During senior year it can sometimes feel as though Yale is split into two: the employed and the unemployed. And whenever I come across others who, like me, have yet to formulate a post-grad plan, we high-five as if to celebrate our lack of directionality. For the discovery of even just one person who feels the same way as you gives you hope that you are not standing on the edge of this canyon alone.

It is petrifying to admit that after 17 years of schooling — all of which were designed to prepare me for this very moment — I do not feel fully equipped to enter the professional world. It is not that I am unprepared to work, but rather that I do not feel prepared to decide my place in the world. At such liminal moments, our courage of our convictions splinters and crumples. The glorious freedom that we are granted by Yale can become paralyzing in its infinite openness.

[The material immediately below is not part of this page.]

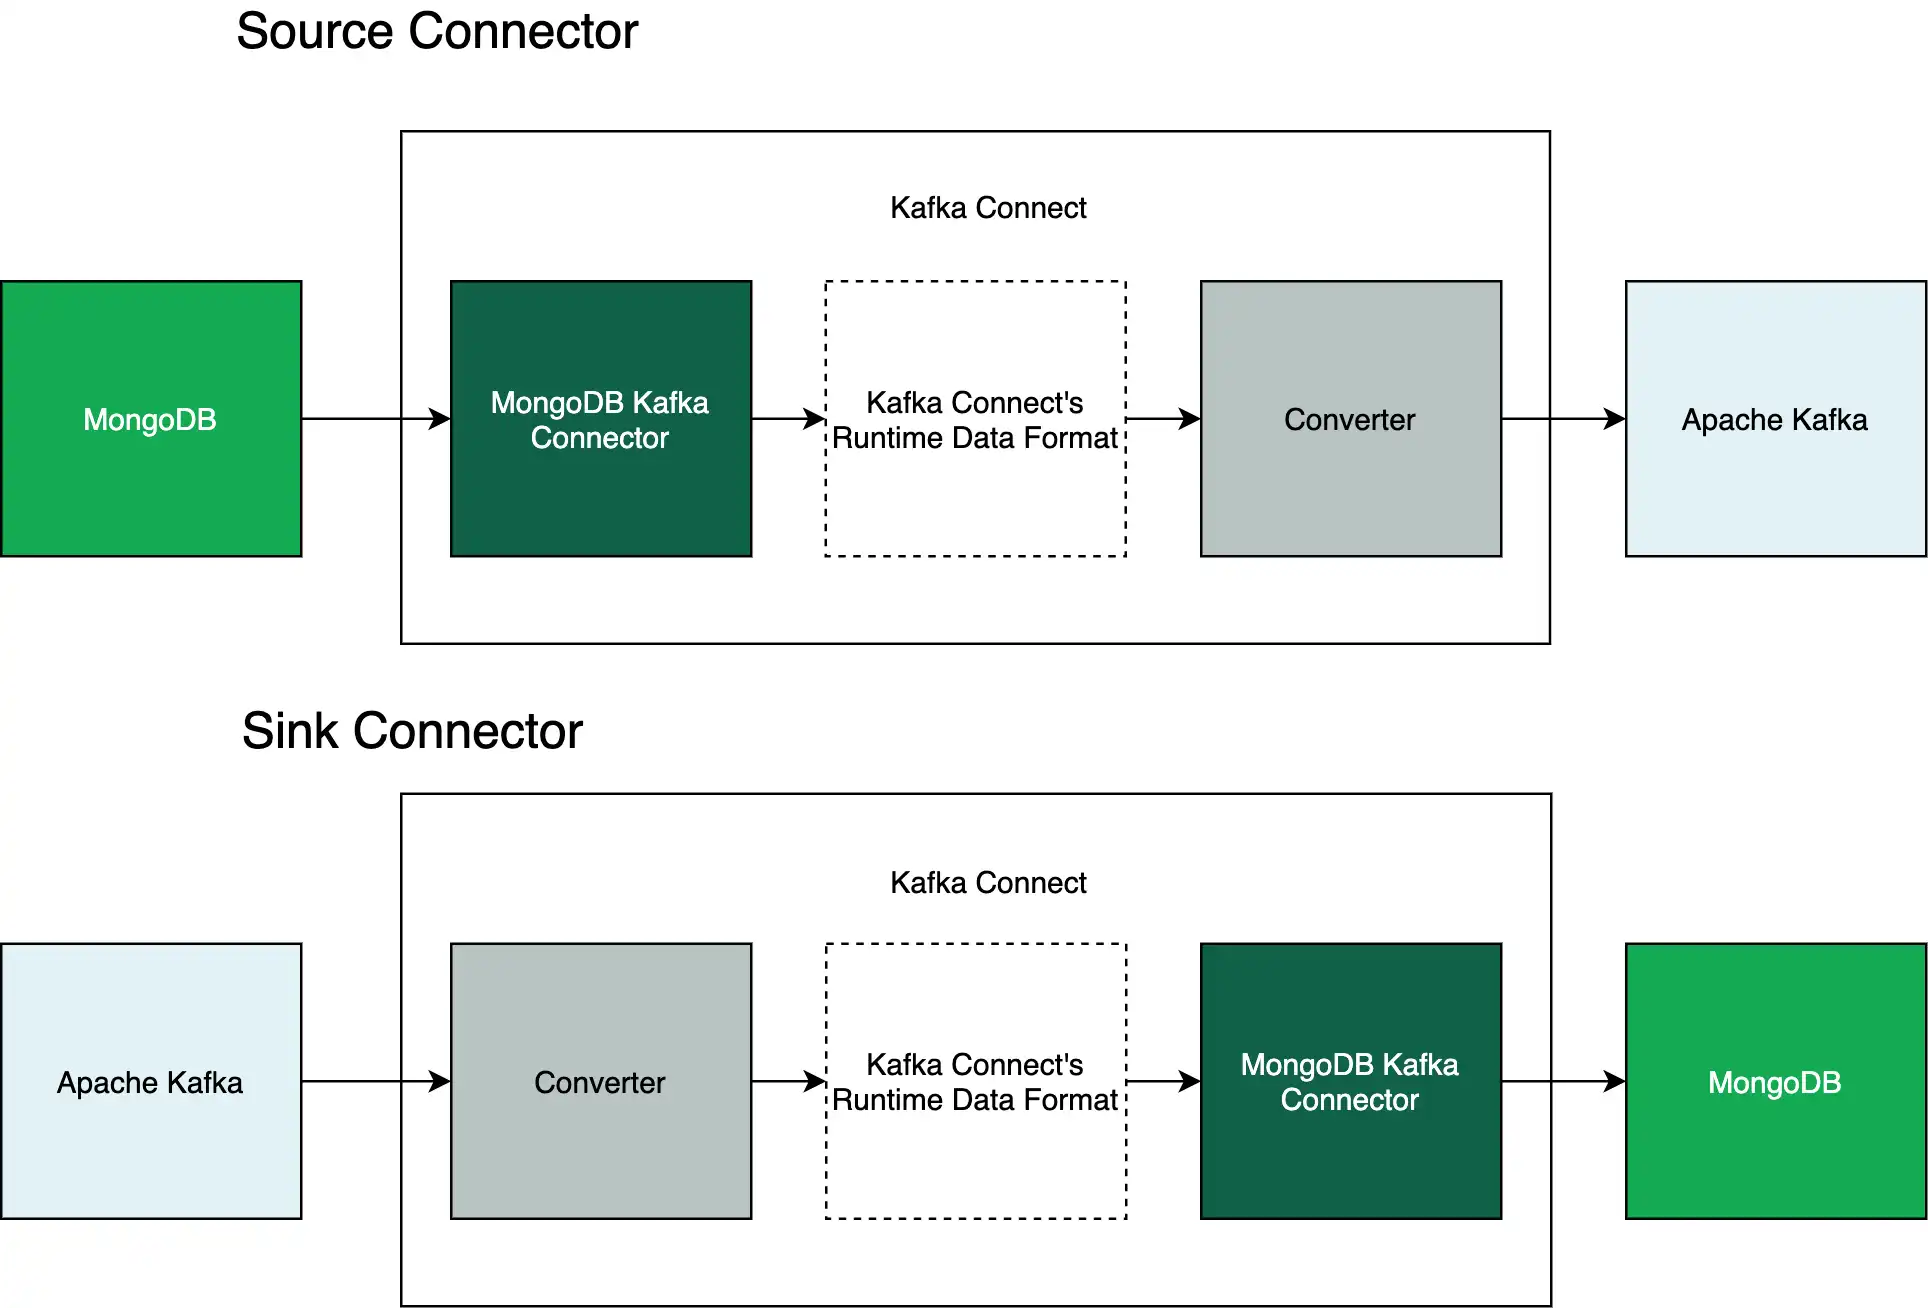 Diagram illustrating converters' role in Kafka Connect

And so, for the moment, I have made up my mind not to make up my mind. I want to experience the feeling of not having a clearly paved path, but pressing forward anyway. Unpreparedness is not something often experienced at Yale, as we jump from one Bluebook to the next. In my post-Yale state, I am not comfortable letting free time remain free. Forsaking my perpetual to-do list makes me cringe. But having a period of uncertainty seems to me to be an important step in the process of growing up. And if I take one lesson from my time at Yale, it is to have the courage to do something that scares you — even if that something is nothing at all.

I’ll finish with something Seuss, himself, would say:

Put one foot before the other and “get on your way!”

Allow yourself to be unsteady.

And never worry, you are ready!

Alison Hutchison is a senior in Timothy Dwight College.